FailSafe provides an ability to define new resource types, assuming you
provide to it the scripts to control that resource. SA can deal with
individual resources and also provides 'application groups' which collect
SA uses 'agents' to manage resources, and has a model for how these work.
Phoenix (RSCT) likewise has a component that provides an API that can be
used to build such agents (the RMC component, a follow-on to the Event
Management work I described.) Unfortunately, RMC is only on AIX, it's
release on Linux and/or as OSS is not currently announced. Send requests
to the usual place...
HACMP and FailSafe both use scripts to manage resources (most provided by
the system, but users can add their own, or, if they're very brave, modify
the system-provided ones.)
Note that for HACMP and FailSafe a resource can appear in only one resource
group (nodes and communication adapters aren't really resources, so, aren't
limited this way, but, applications, file systems, IP addresses, etc. are
so limited.) SA doesn't have this, resources can be contained in multiple
resoruce groups if desired, as well as containing other application groups.

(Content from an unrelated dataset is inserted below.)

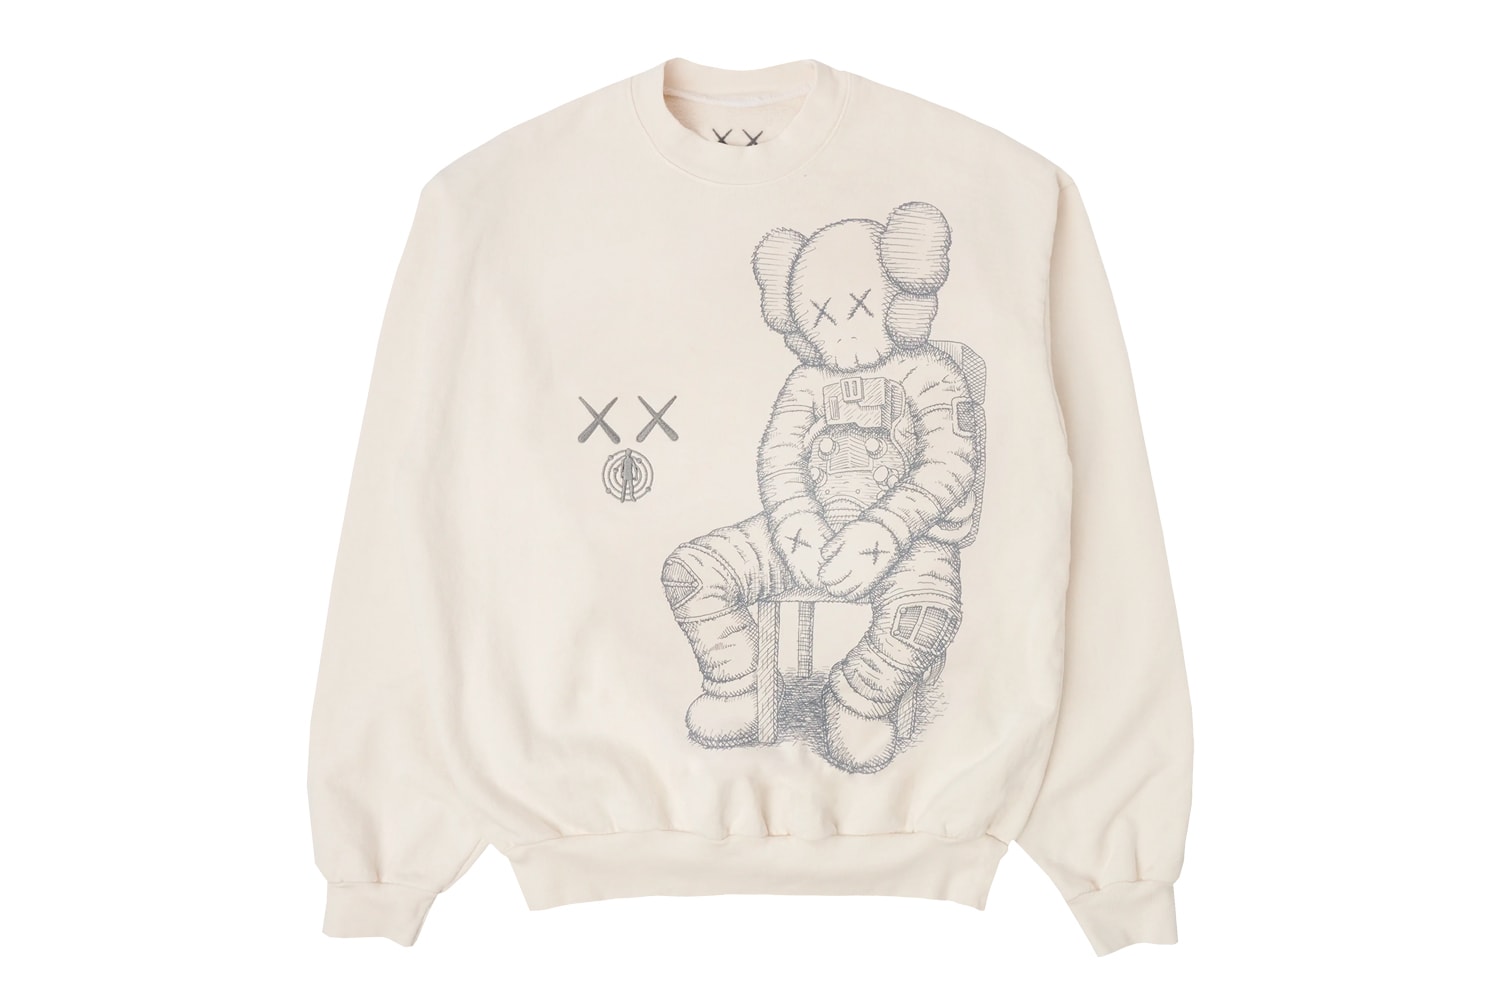 KAWS Kid Cudi Man on the Moon Trilogy Box Set Merch Release Info Buy Price Man on the Moon II: The Legend of Mr. Rager The End of Day The Chosen

As to resource dependencies, HACMP recognizes only pre-defined
relationships, i.e., an application depends on its file system(s) which in
turn depend on volume group(s) [disks], the application also depends on an
IP address. These relationships are imputed by the fact that these
resources are collected in a resource group, thus, HACMP will use this info
when starting a resource group:
- ensure the volume group (disks) is varied on (i.e., available for use)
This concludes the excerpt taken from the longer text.